Some of the changes that affect LEBench results were not observed by their
authors to cause problems for applications. For instance, the LWN.net article
on hardened usercopy describes the patch
authors measuring performance: “Cook said that he ’couldn't detect a
measurable performance change with these features enabled’, when running tests
like kernel builds and hackbench. … Linus Torvalds said that a stat()
-heavy
workload (e.g. something like git diff
) would be one way to test it, but
indicated that he thought the checks would not be all that onerous.” On the
other hand, we could question whether “kernel builds,” hackbench (“a benchmark
and a stress test for the Linux kernel scheduler” that stresses sockets and
pipes), and git diff
represent an adequate or rigorous test suite; and point
tests on individual changes will always miss the kind of gradual degradation
this paper warns us about.
Other questions
-
How can a “misconfiguration” (i.e., a configuration mistake) impact kernel performance for everyone? How do they know the misconfiguration was a mistake?
At first I wasn’t sure that the paper would make a good case for misconfiguration as opposed to intentionally different configuration, but boy howdy §4.3.1 makes that case well for forced context tracking. The TLB layout change described in §4.3.2 is arguably less of a configuration change and more of an optimization for newer hardware.
-
Are “core kernel operations” a fair way to measure kernel performance?

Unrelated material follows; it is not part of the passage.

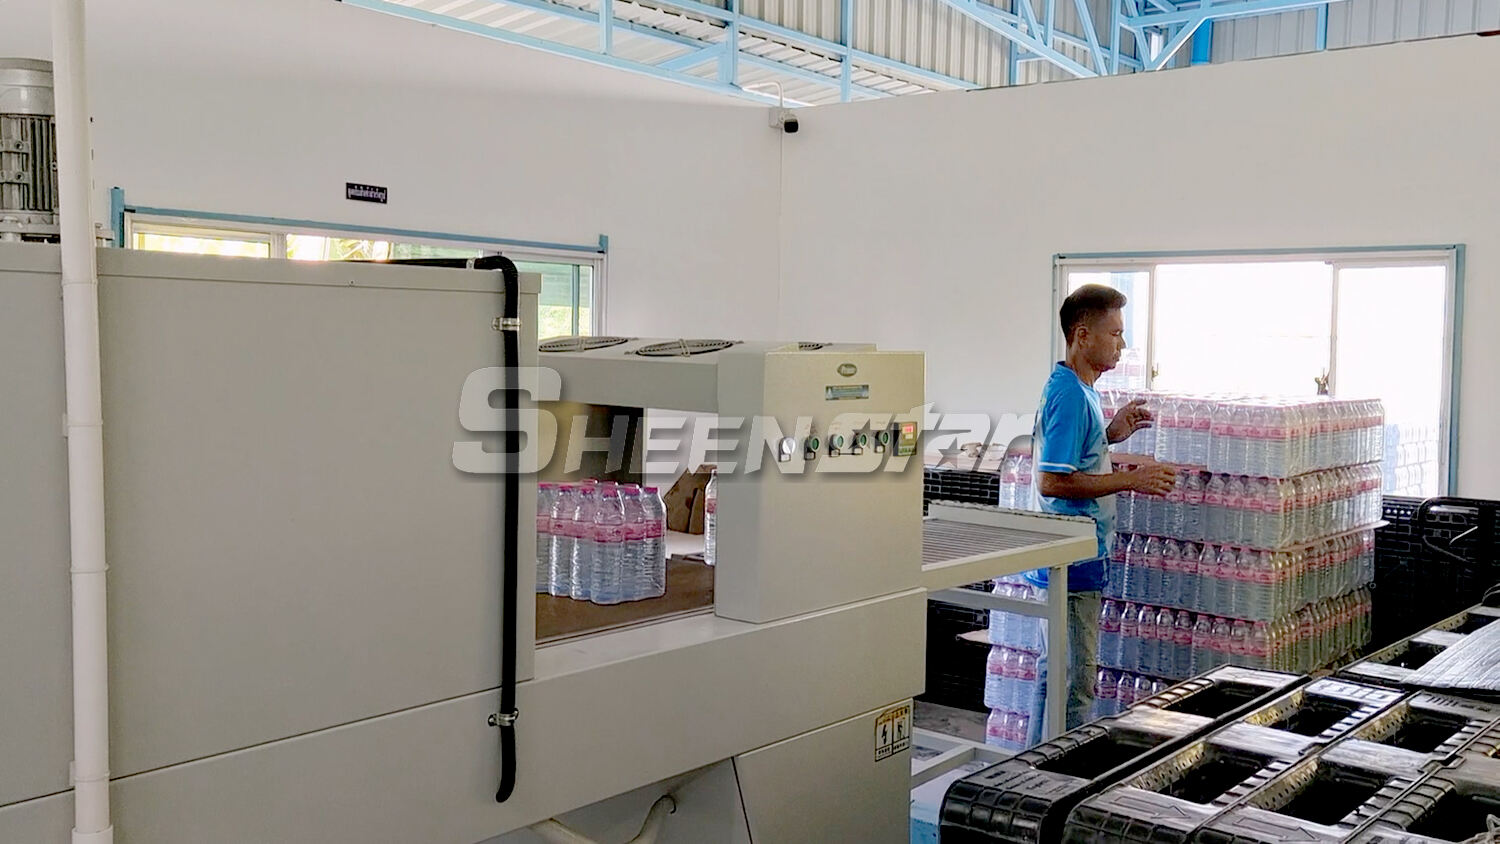 5000 bph drinkwaterproductielijn in klantfabriek
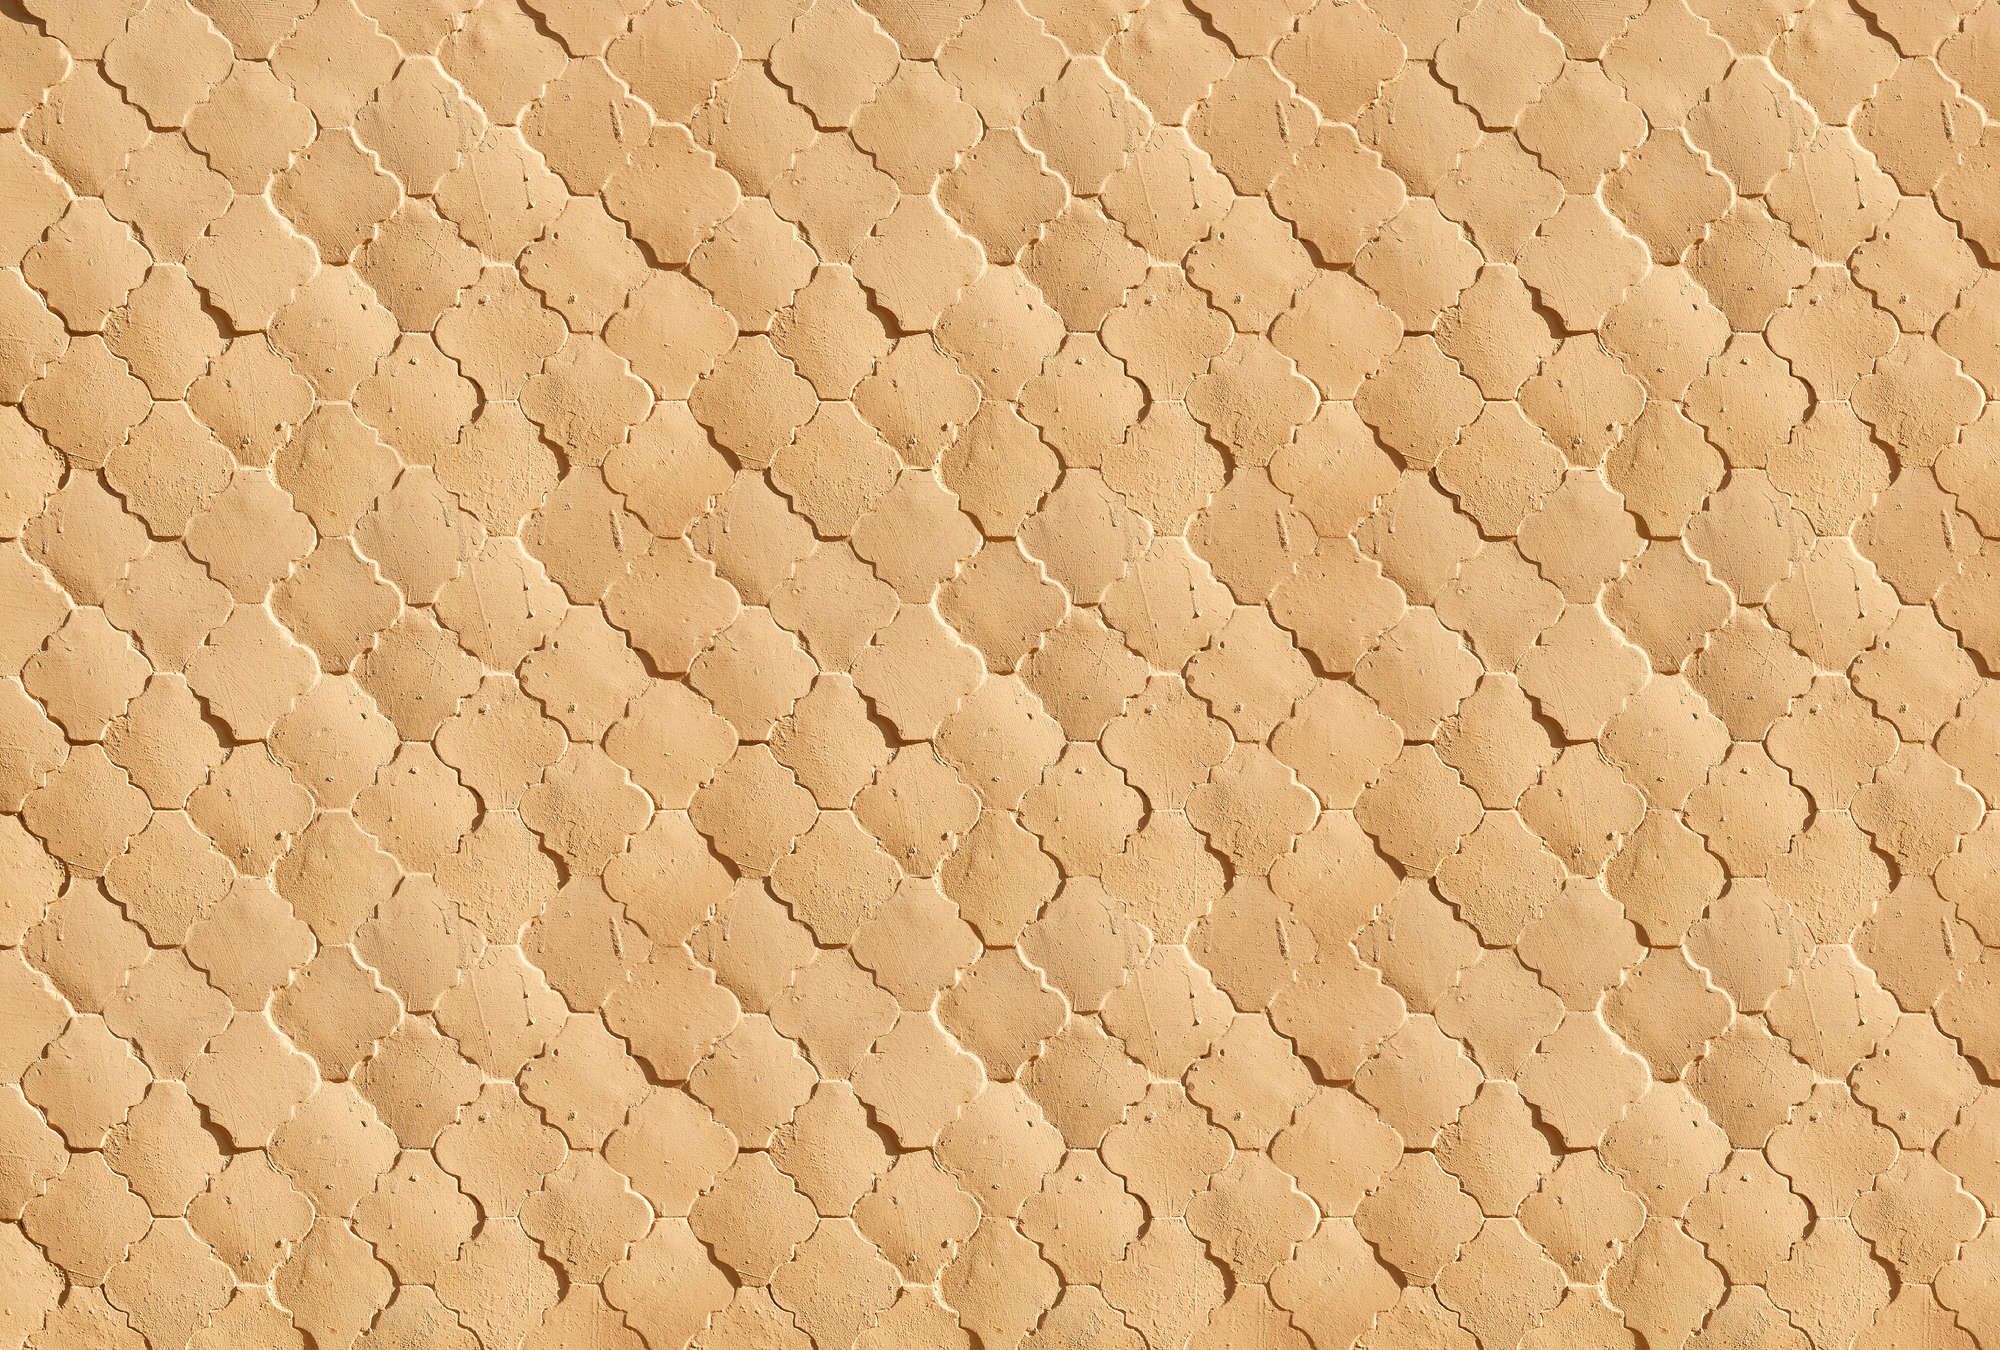             Fotomuralis »siena« - Motivo mediterraneo a piastrelle nei colori della sabbia - Materiali non tessuto liscio, leggermente perlato e scintillante

I’d argue no, but on the other hand, what should “fair” actually mean here? Core kernel operations are a simple, easily interpretable, and universal way to measure kernel performance, and sometimes a simple measurement is better than a so-called “fairer” measurement that’s much messier and harder to capture.
-
Is Linux especially bad?
It’s not at all clear that Linux’s performance evolution is worse than other kinds of software. For instance, Dan Luu once “carried around a high speed camera and measured the response latency of devices I’ve run into in the past few months”; he found that the Apple IIe, a 1983 machine with a 1 MHz clock, had less than one third the response latency as a 2.6 GHz MacBook Pro 2014. (That measurement of course involves hardware as well as software, but it’s still fun.)